安藤 壁の質感を残しつつ、看板や窓、ドアを消したり、建物の色を変えています。

色や明度を変える時は「その街にありそうな建物の色」を選んだり、差し色を加えるように空の色と相性が良い色を選ぶこともあります。絵を描く感覚に近いですね。建物の配置自体を変えることもありますが、粗密感は街の雰囲気にも影響するので大きく変更はしないですね。あくまでリアリティを持たせながら、風景を異空間化するようにしています。

レタッチするのは絵を綺麗に整理するためではなく、空間自体の異質感を際立たせるためなんです。

──撮影場所はどう選んでいますか?

安藤 昔ながらのオフィス街を撮るのが好きですね。撮影する場所は、実際に現地に行ってから決めています。視点に浮遊感を持たせたいので、目線がビルに対して水平になる高さを探っています。

最近は都心から離れて郊外の風景も撮影するようになりました。都心以外も撮ってみたくなって、試しに撮影したらイメージとハマったんです。長く続けているので、撮り続けているうちに作品も変化しています。

──他にも変化はありますか?

安藤 作品がよりフラットになっていると思います。「東京」や「郊外」に対する印象の変化が絵作りに直結しているのかもしれません。撮影でも平坦な構図や光を狙うようになりました。

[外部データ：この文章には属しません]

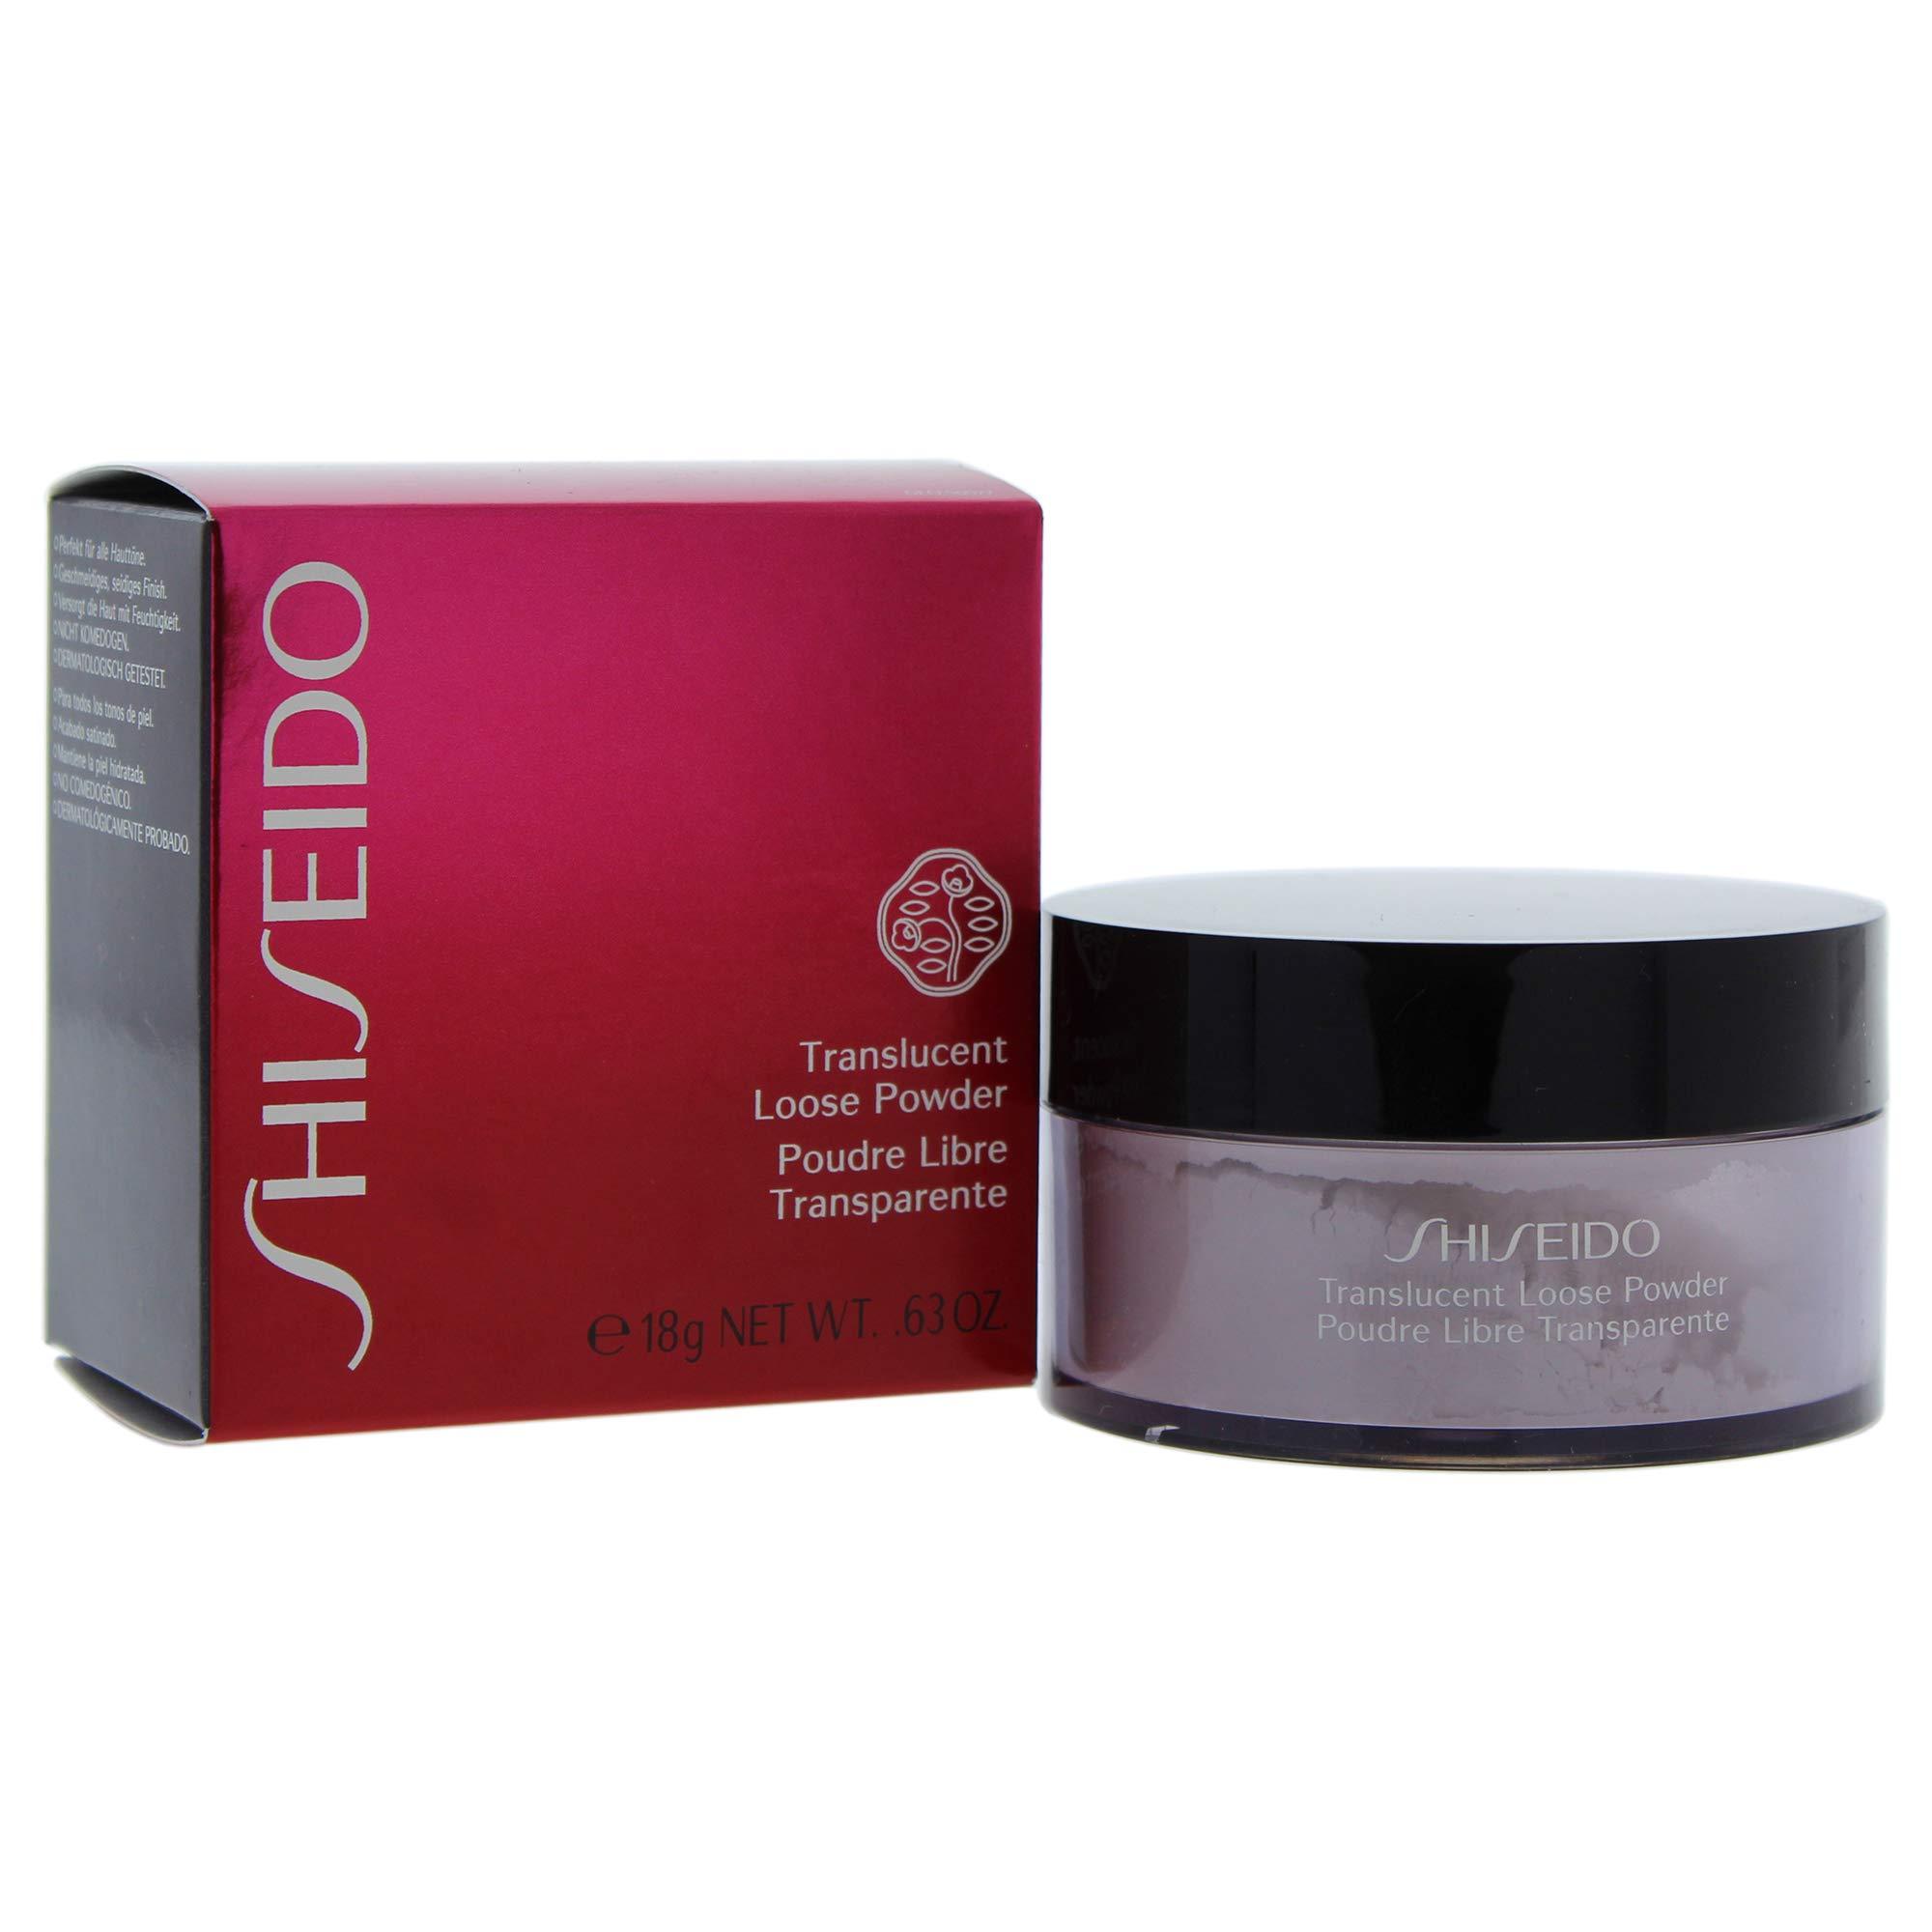 Shiseido Translucent Loose Powder By Shiseido for Women - 0.63 Oz Powder, 0.63 Oz

もともと、構図の取り方がとても苦手だったんです。「構図を勉強したいなら、コラージュで作品を作りなさい」と予備校の講師からアドバイスをいただいたんです。それからだんだん構図を面白く感じるようになっていきました。以前は色彩メインの西洋抽象絵画が好きでしたが、構図の面白さや線の美しさから大和絵や仏教絵画も観るようになって。今思えばTOKYO NUDEの遠近感のないフラットな絵作りも、そこからインスピレーション受けたのかもしれません。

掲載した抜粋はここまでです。